- Information provided
◆ ◆ ◆ ◆ ◆ ◆ ◆
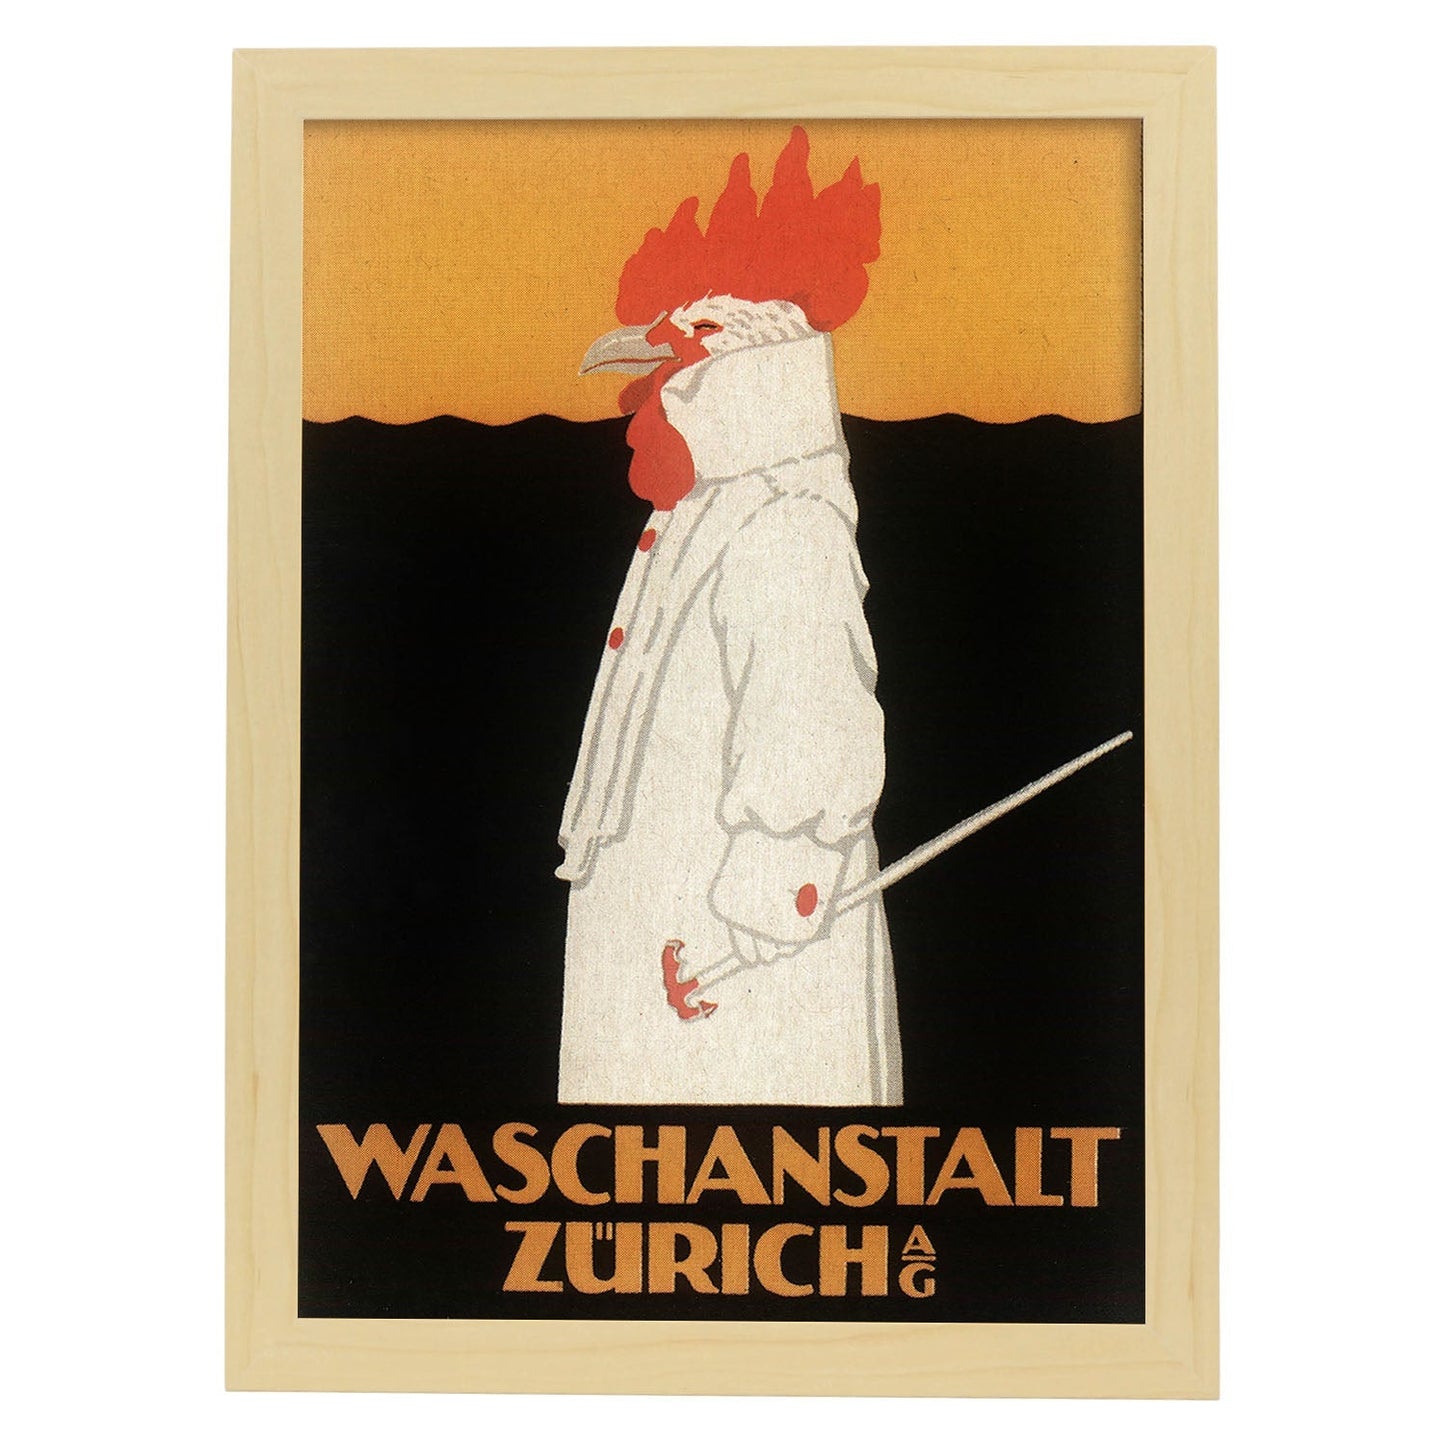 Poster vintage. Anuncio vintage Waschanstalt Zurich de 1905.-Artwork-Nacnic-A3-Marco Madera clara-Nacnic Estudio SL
◆ ◆ ◆ ◆ ◆ ◆ ◆
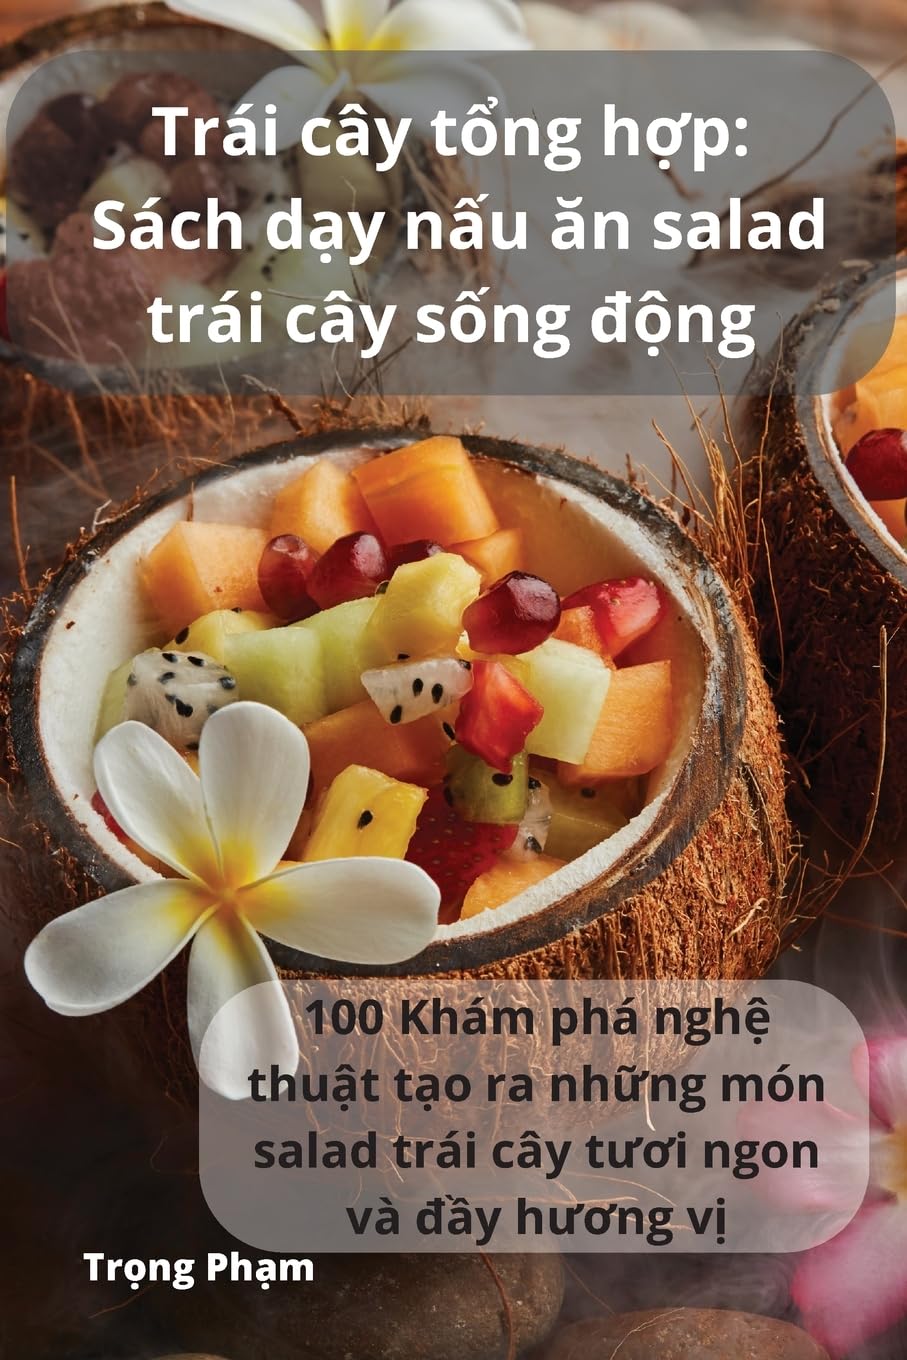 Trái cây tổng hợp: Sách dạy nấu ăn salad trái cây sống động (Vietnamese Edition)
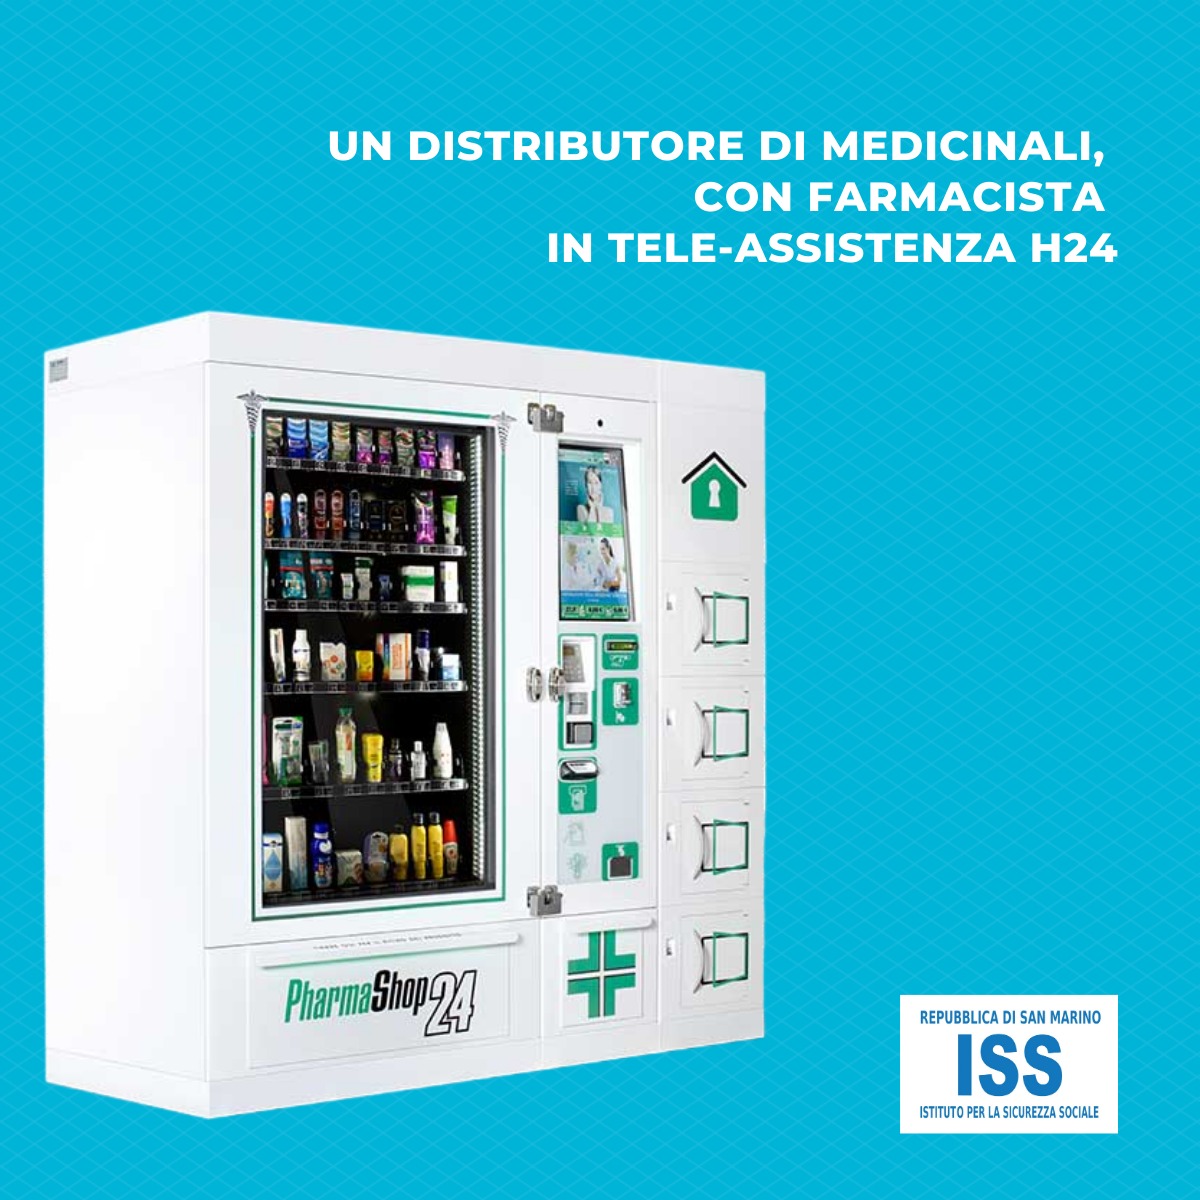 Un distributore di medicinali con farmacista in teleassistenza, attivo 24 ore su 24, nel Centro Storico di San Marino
◆ ◆ ◆ ◆ ◆ ◆ ◆
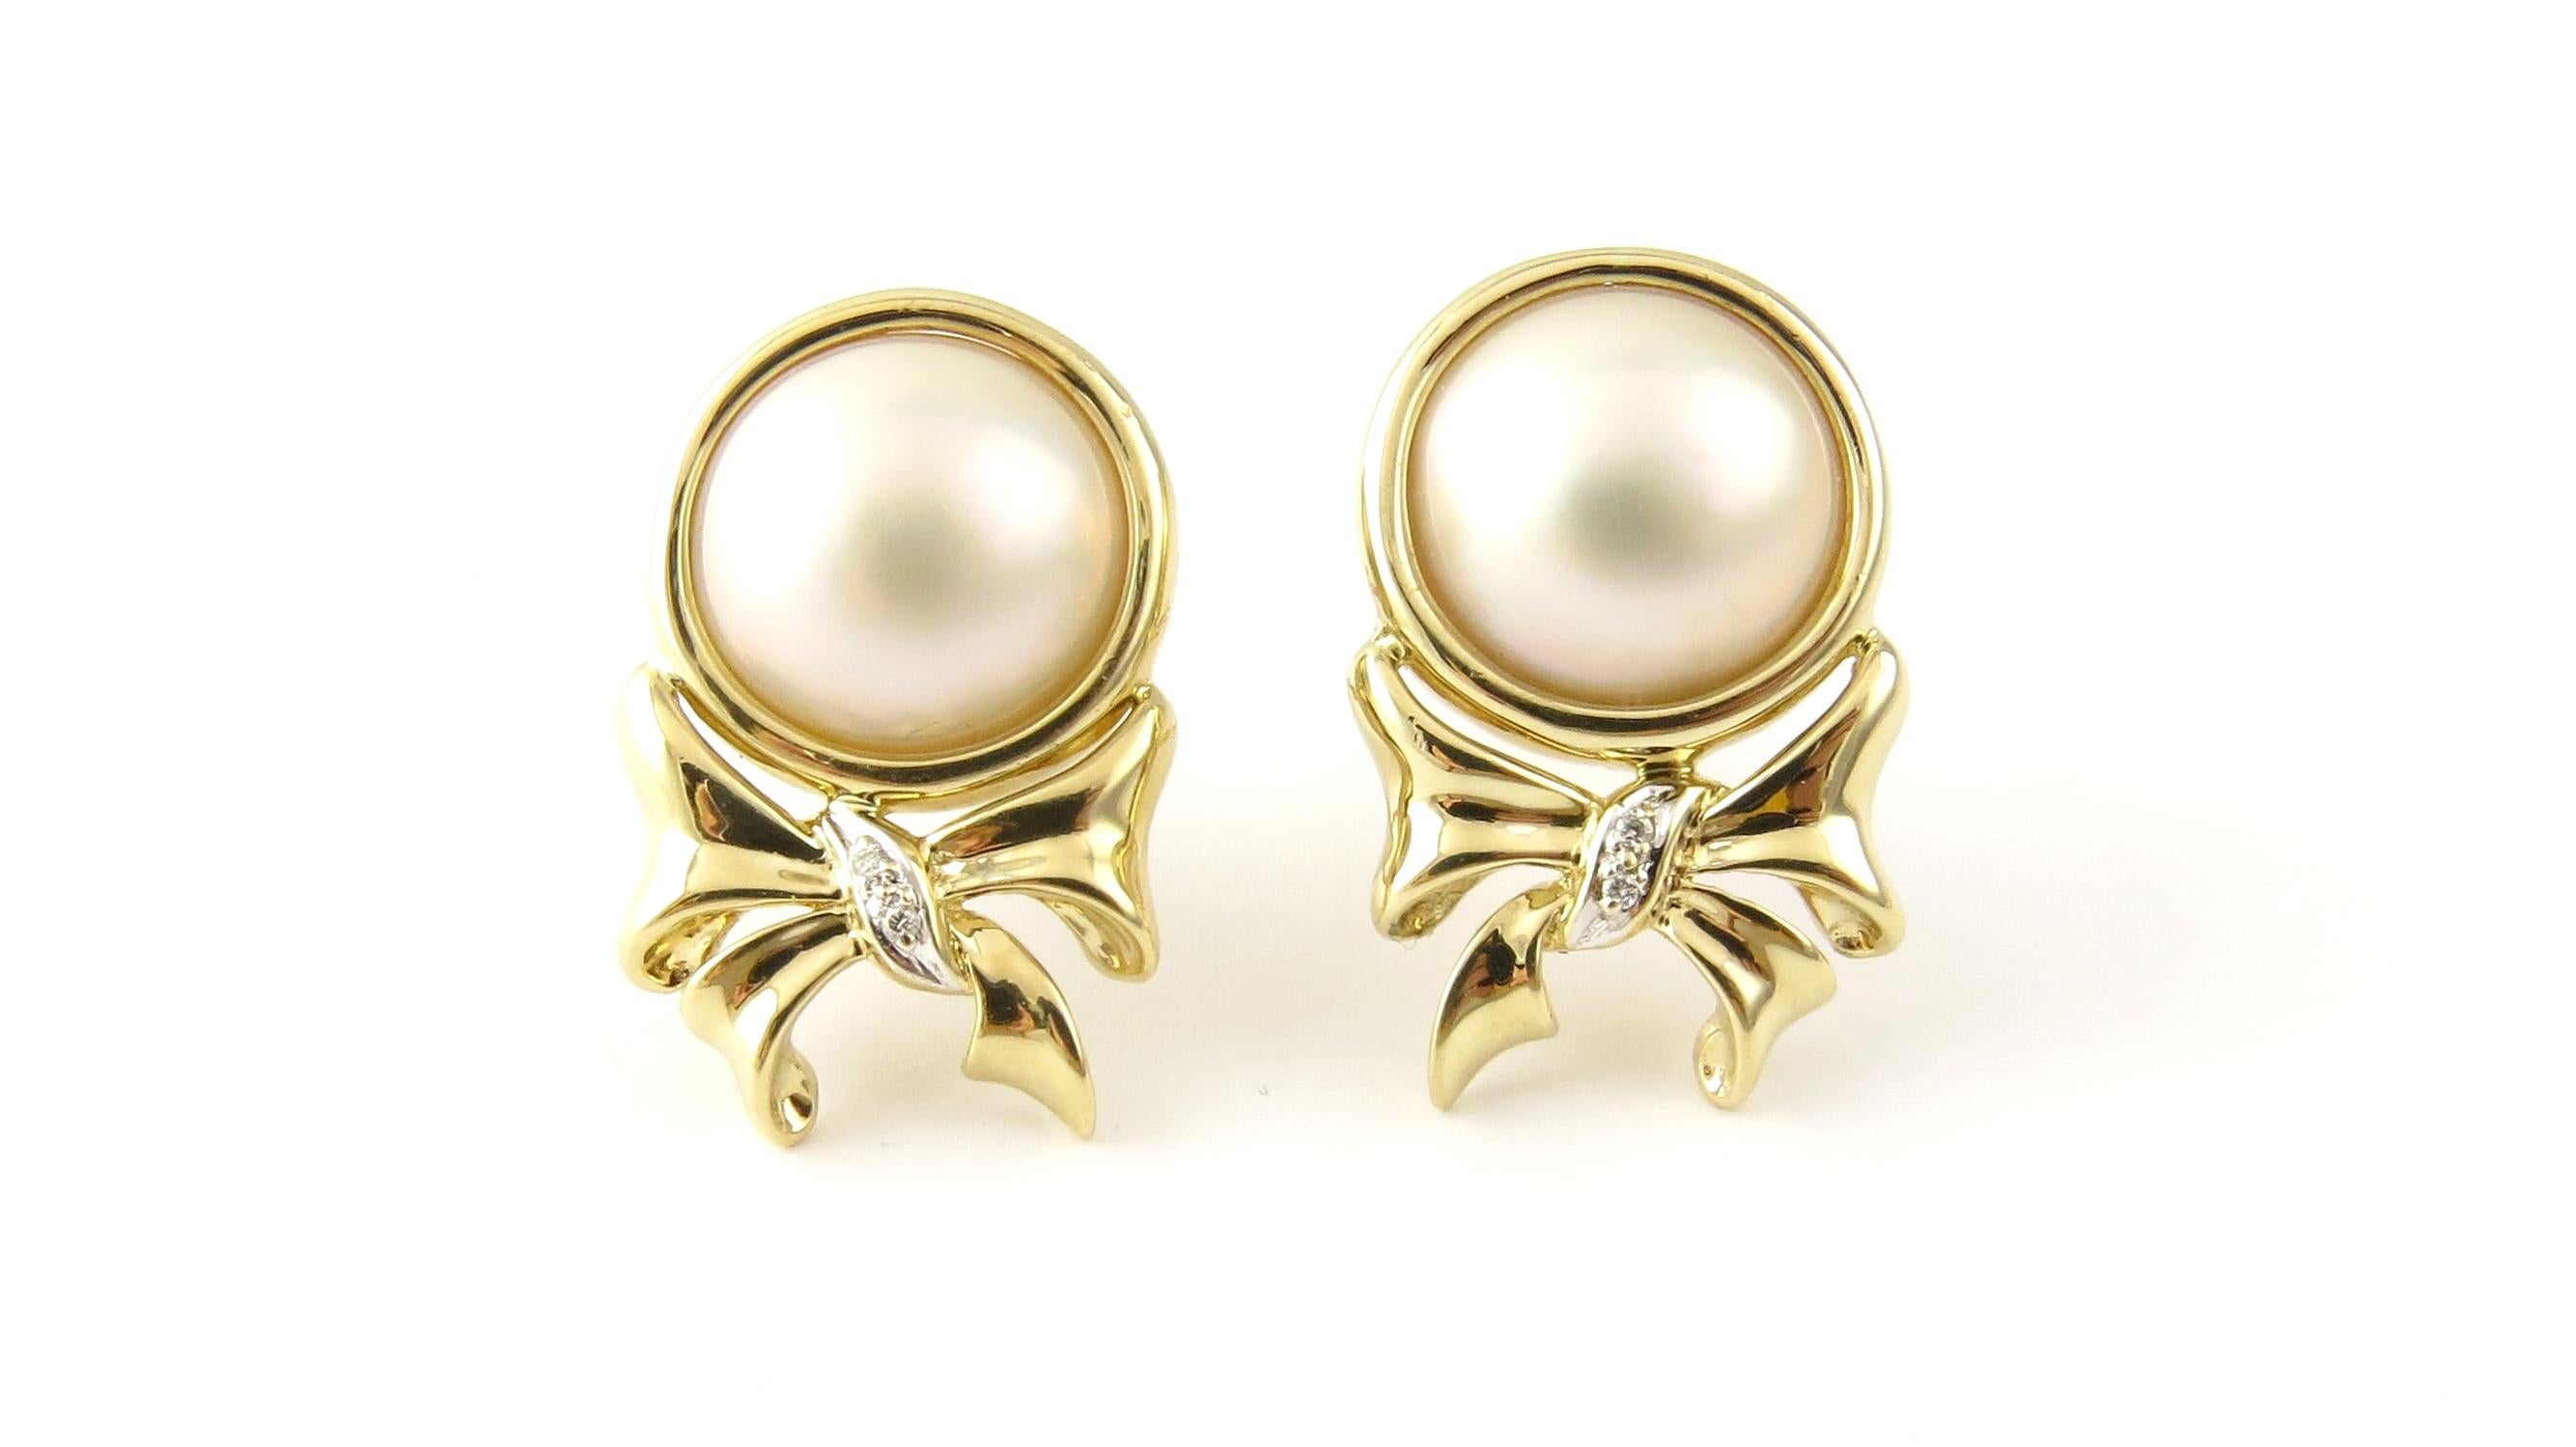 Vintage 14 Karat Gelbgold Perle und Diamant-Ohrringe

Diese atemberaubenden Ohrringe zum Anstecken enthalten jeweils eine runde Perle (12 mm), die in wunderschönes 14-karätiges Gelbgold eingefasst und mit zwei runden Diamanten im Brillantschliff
◆ ◆ ◆ ◆ ◆ ◆ ◆
- What this task involves
Give back exactly, and solely, the section of the data above bounded by the line containing "Trái cây tổng" and the line containing "Un distributore di", both bounding lines included and pictures omitted.

- Finished task
 Trái cây tổng hợp: Sách dạy nấu ăn salad trái cây sống động (Vietnamese Edition)
 Un distributore di medicinali con farmacista in teleassistenza, attivo 24 ore su 24, nel Centro Storico di San Marino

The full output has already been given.